MILC Benchmarks Contd. • For 64^4 lattices with single precision the scaling was close to 86%. • For double precision runs on 32^4 lattices the scaling was close to 80% as the number of nodes were increased from 4 to 64. • For pure-gauge simulations with double precision on 32^4 lattices the scaling was78.5% as one went from 2 to 128 nodes.
Physics Planned on Kabru • Very accurate simulations in pure gauge theory (with Pushan Majumdar) using the Luscher-Weisz multihit algorithm. • A novel parallel code both for Wilson loop as well as Polyakov loop correlators has been developed and preliminary runs carried out on lattices upto 32^4. • Requires 200 GB memory for 64^4 simulations with double precision.

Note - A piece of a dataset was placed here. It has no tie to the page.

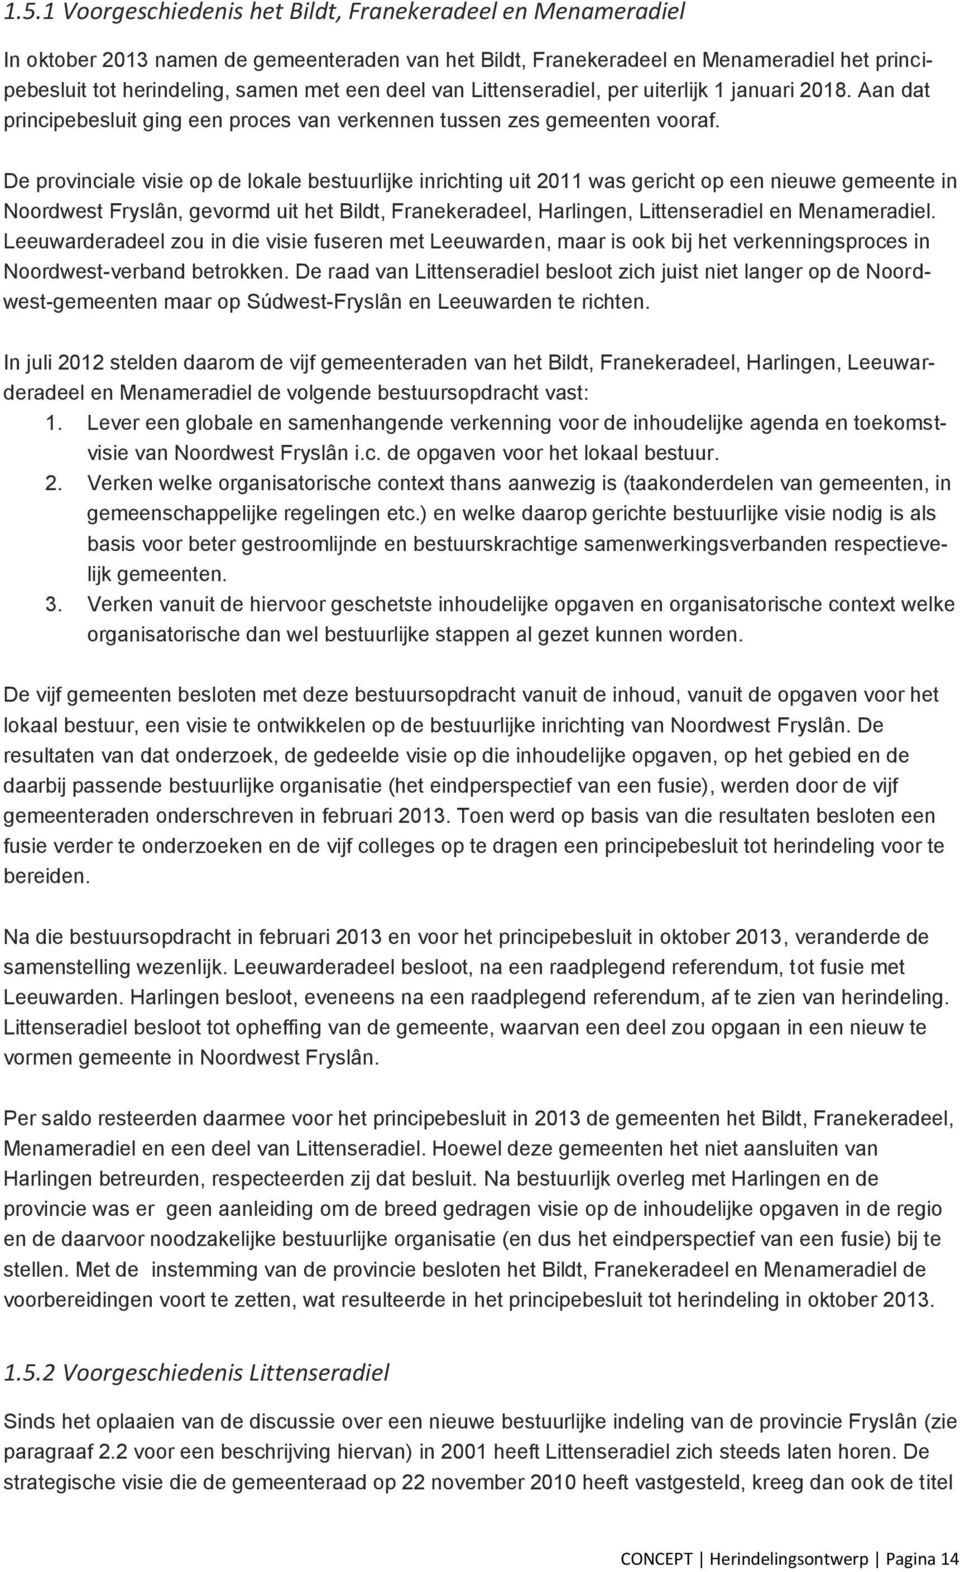 De provinciale visie op de lokale bestuurlijke inrichting uit 2011 was gericht op een nieuwe gemeente in Noordwest Fryslân, gevormd uit het Bildt, Franekeradeel, Harlingen, Littenseradiel en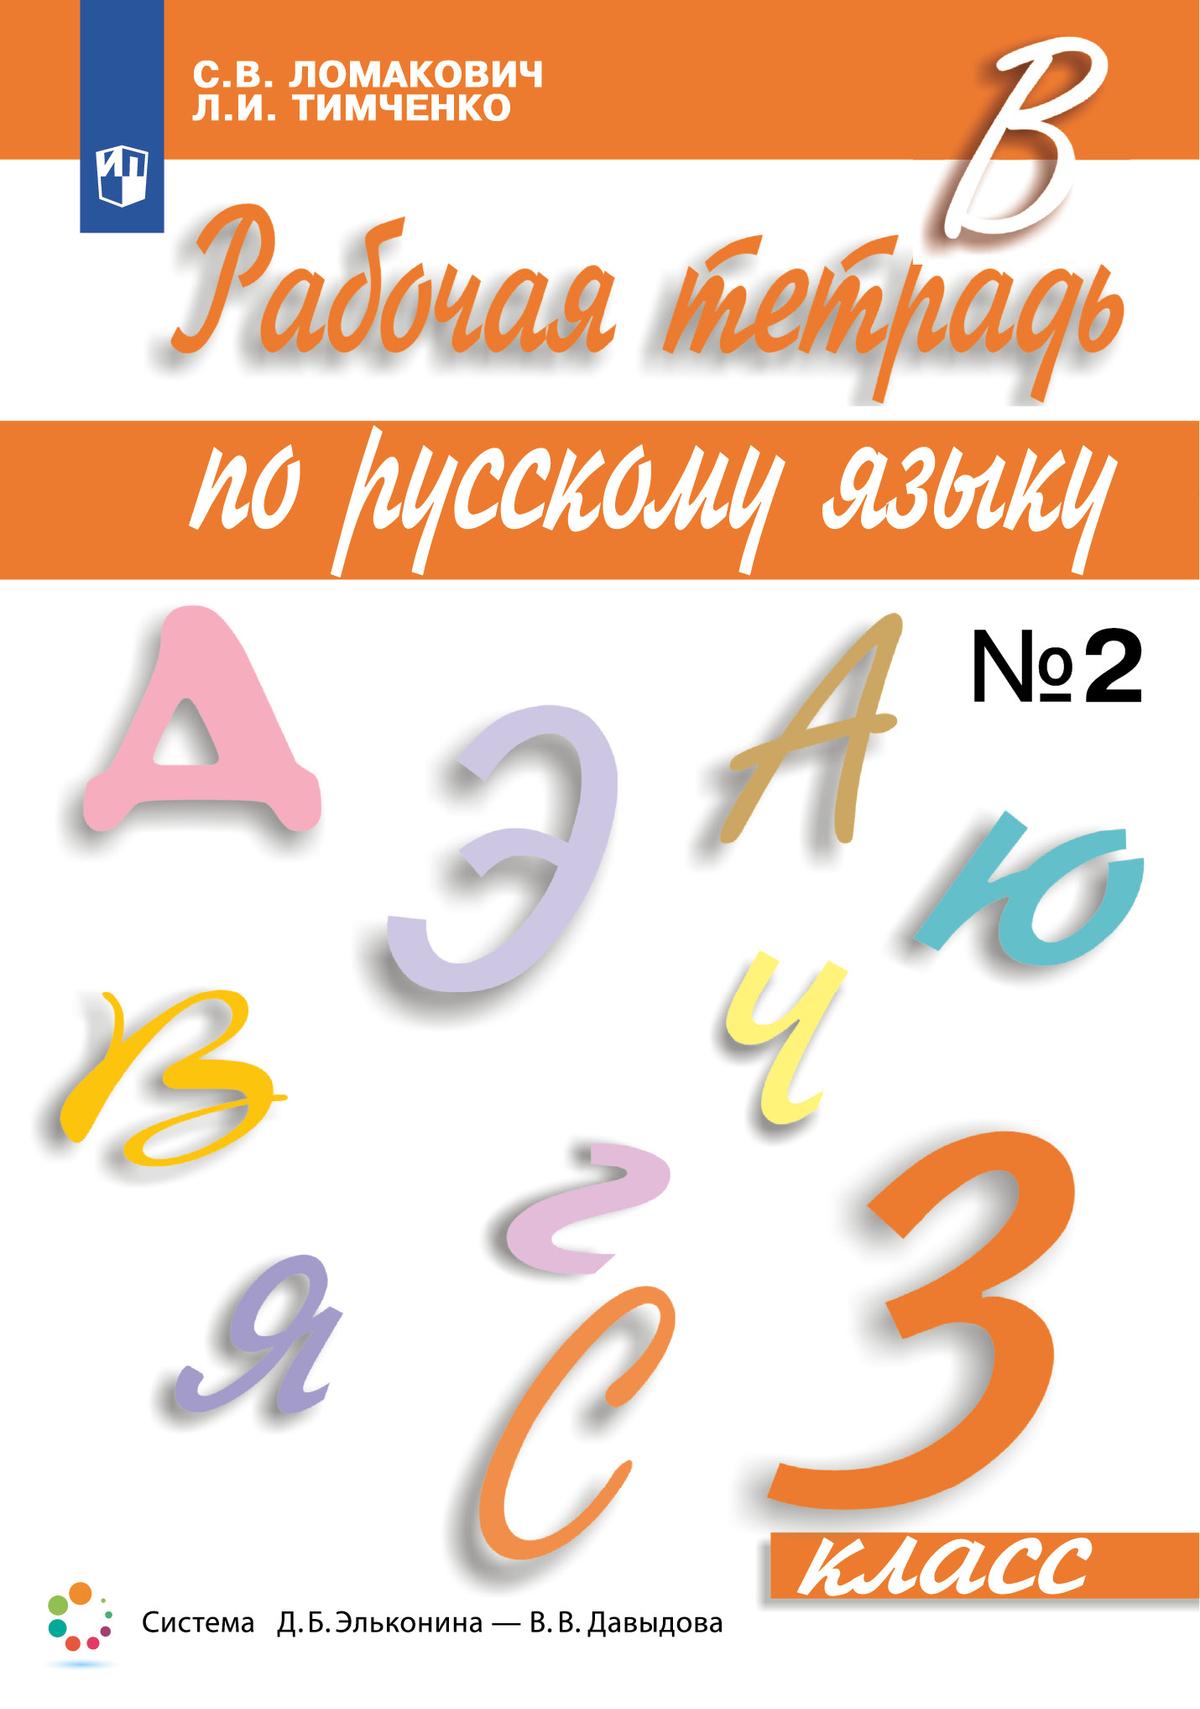 Рабочая тетрадь по русскому языку. 3 класс. В 2 частях. Часть 2 1

Physics on Kabru….. • Using the same multihit algorithm we have a long term plan to carry out very accurate measurements of Wilson loops in various representations as well as their correlation functions to get a better understanding of confinement. • We also plan to study string breaking in the presence of dynamical quarks. • We propose to use scalar quarks to bypass the problems of dynamical fermions. • With Sourendu Gupta (TIFR) we are carrying out preliminary simulations on sound velocity in finite temperature QCD.